I sometimes take naps during the week. I blame in on my missionary heritage. They take a siesta in the Philippines. Great idea, I think. And, when I take a nap, I think about the passage I will be teaching on. I try to think about it each time before I go to sleep. This is what I mean when I say that much of the preparation is done in bed.

In a day or two, I will have another thought worth writing down, so it is back to the computer. It is like my brain can really hold one idea at a time. Once that idea crystalizes, I need to write it down so that I can go on to the next one.

It would never work for me to start writing a message on Friday or Saturday. The time pressure would kill my creativity. My style requires lots of unhurried time. I will, along the way, spend some time in the commentaries and books. Usually this is done a few minutes here and a few minutes there. Logos has an app for Kindle so I can read commentaries on my Kindle. What a time to be alive.

Toward the end of the week I will begin going over the message in its entirety. I try to see the whole thing fits together. I try to feel the transitions. They are like curves in a road. Most of the driving is pretty easy if you negotiate the curves. Similarly, if you negotiate the transitions in a message, the rest seems to fall into place.

I am a fan of the one point sermon.

I ask if I have enough humor. I am not a naturally funny person. I don’t use a lot of humor in my messages, but I like to have a little. I have found one or two funny moments really goes a long way toward making the message what it needs to be.

I will often spend some time looking specifically for illustrations for the message. Illustrations make the message. I really like www.sermoncentral.com for that. Often I will buy a book or two that is on the topic of the message. I rarely finish it.
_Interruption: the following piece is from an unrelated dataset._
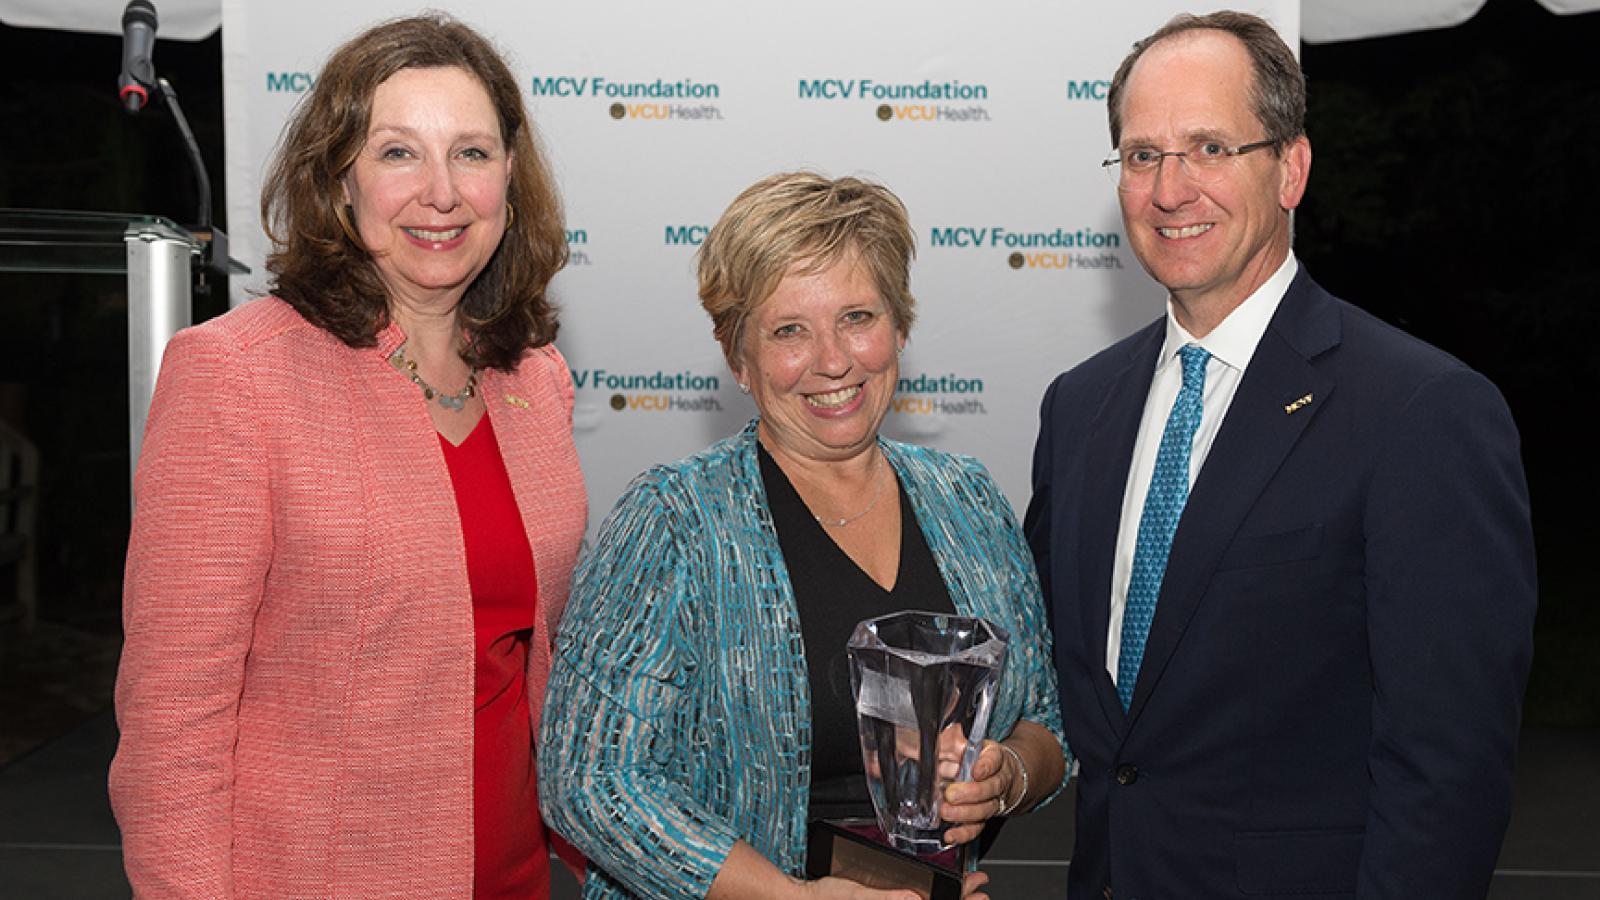 Pam Parsons, RN, Ph.D., with Margaret Ann Bollmeier, president and CEO of the MCV Foundation, and Wyatt Beazley IV, the foundation's board chair.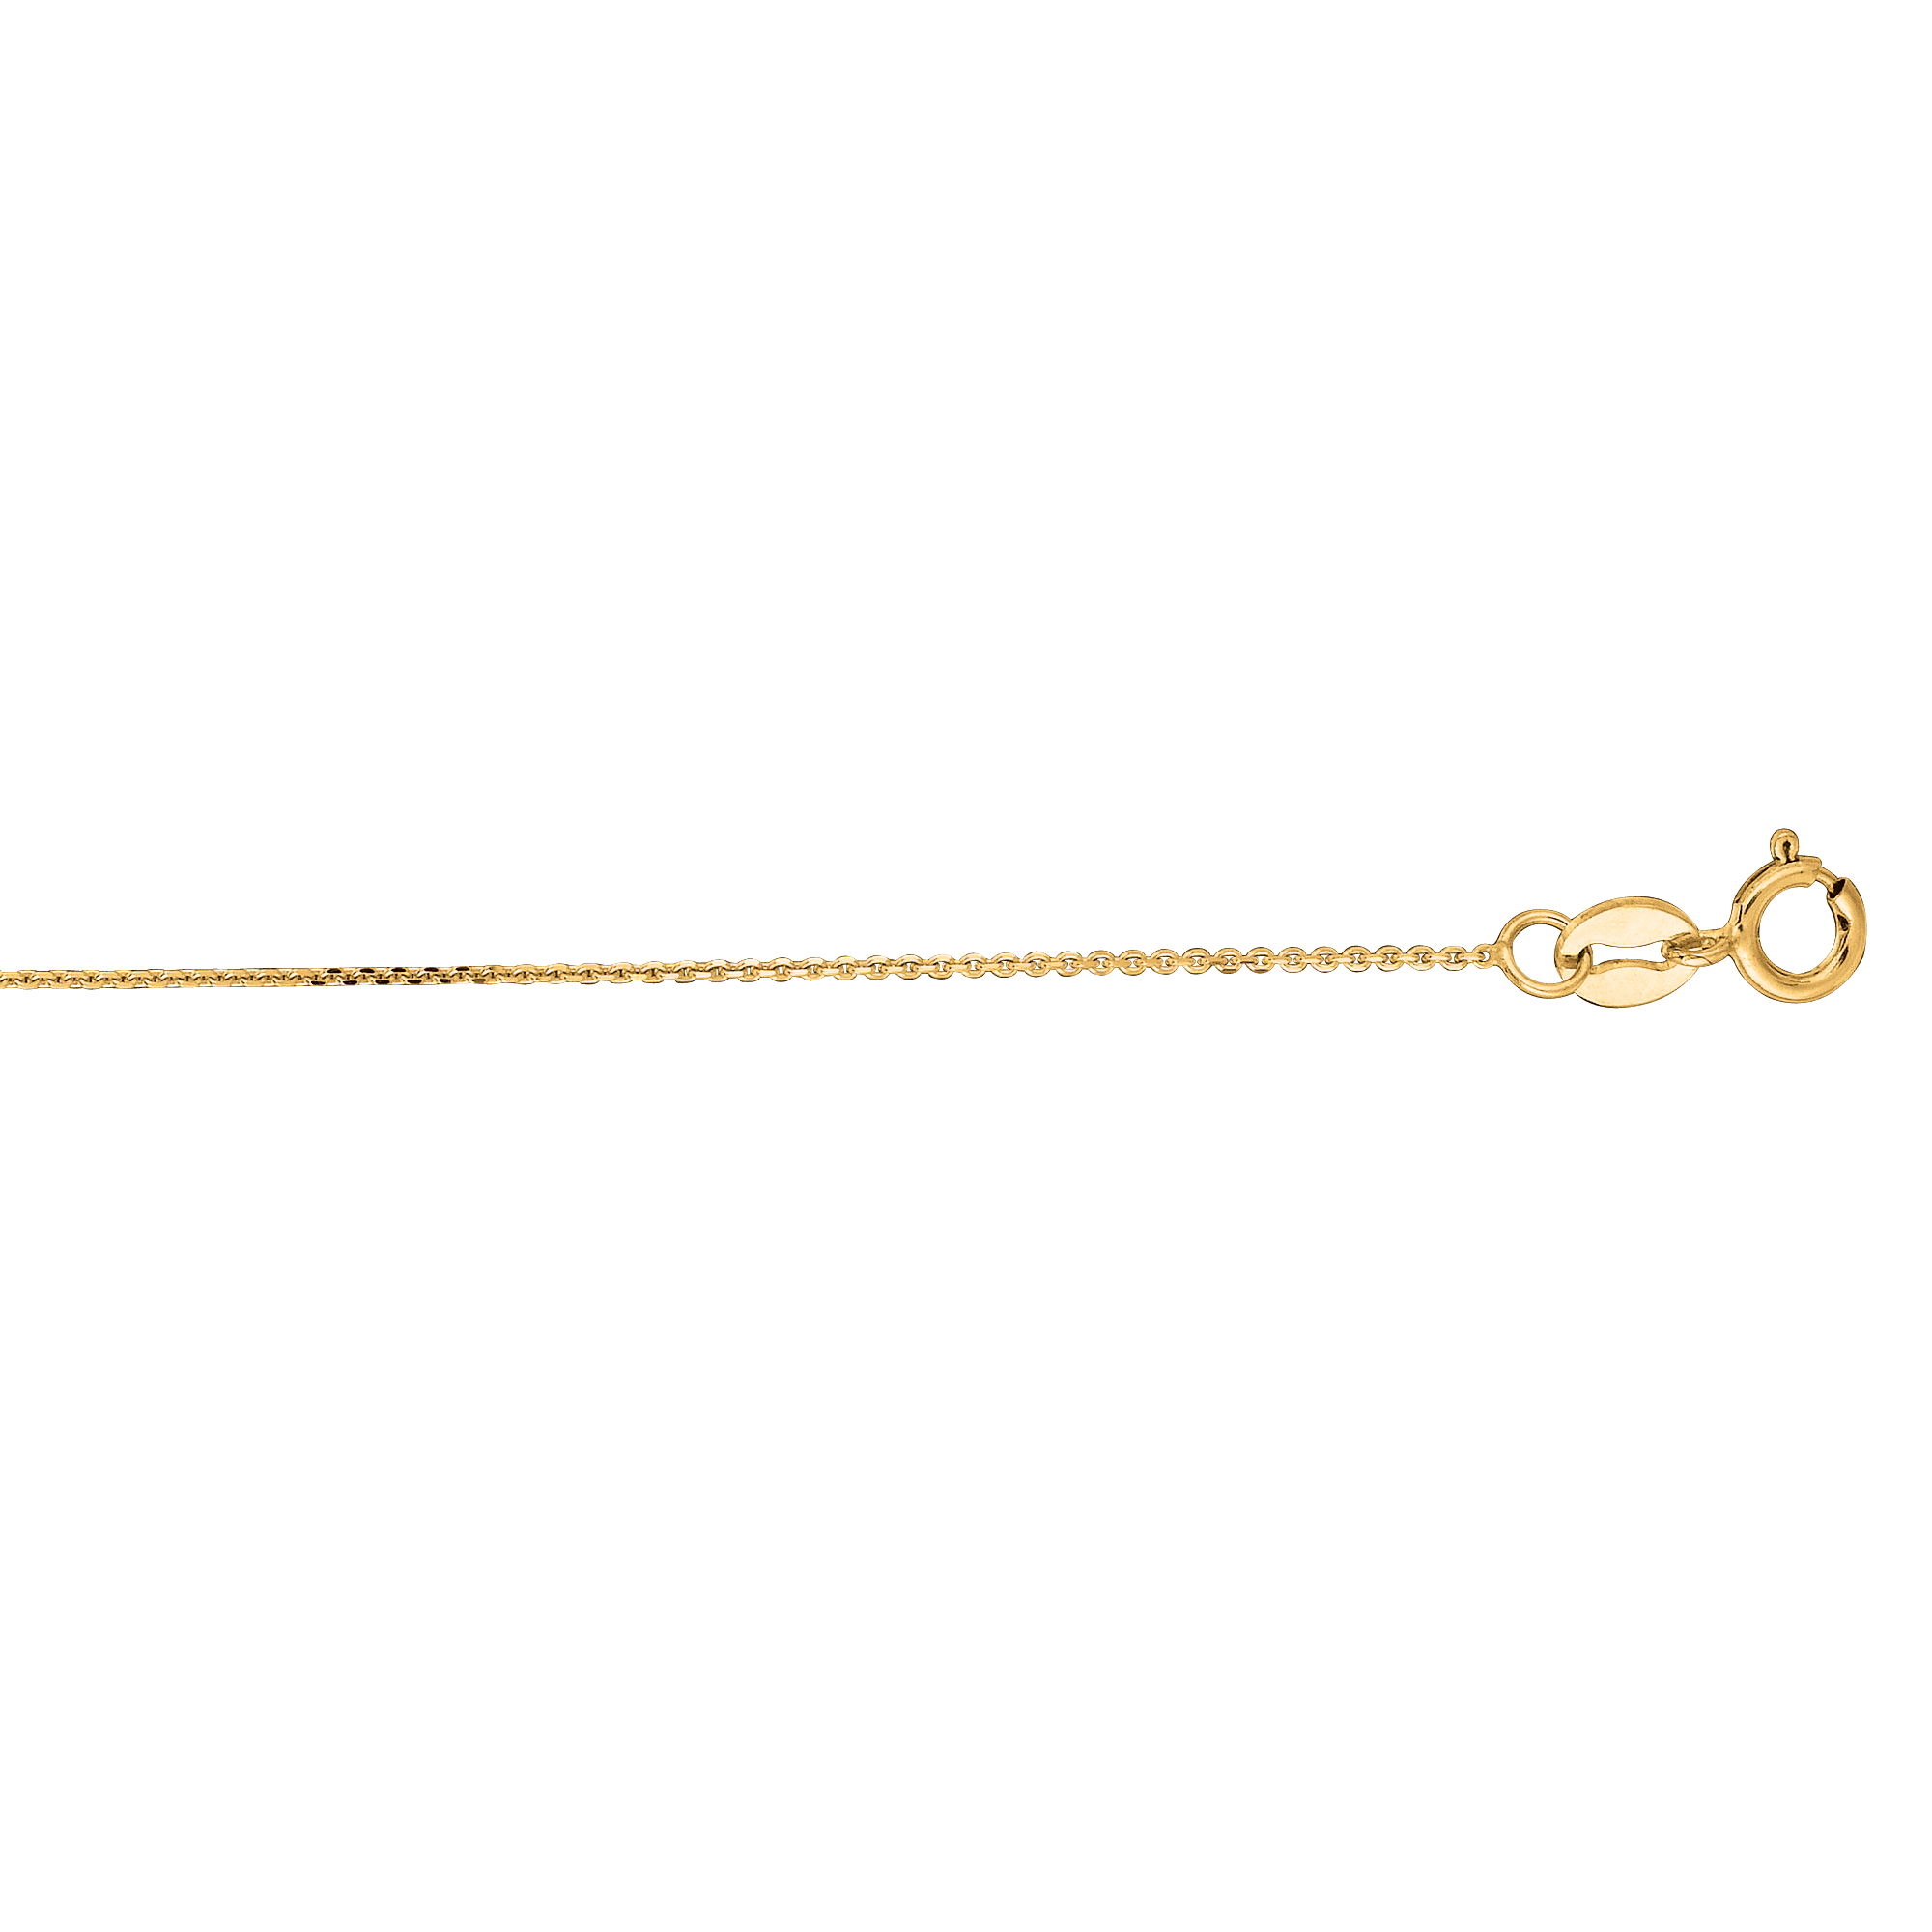 10k 18 inches Yellow Gold 0.5mm Round Cable Chain with Spring Ring Clasp

As I write Good Questions each week this is what I spend the most time on. I want to find a number of great stories and illustrations to make the Bible Lesson come alive. I want to make Sunday School teachers sound brilliant. This is probably not the most godly motivation I have.

Sermon preparation comes deeply out of prayer and meditation for me. I spend a lot of time pondering what God has to say to me personally. I try to picture individuals in our church and imagine how this relates to their life. (This is not hard in a church of 30.)

It is not the only way, but that is the way I prepare a Bible Study Lesson.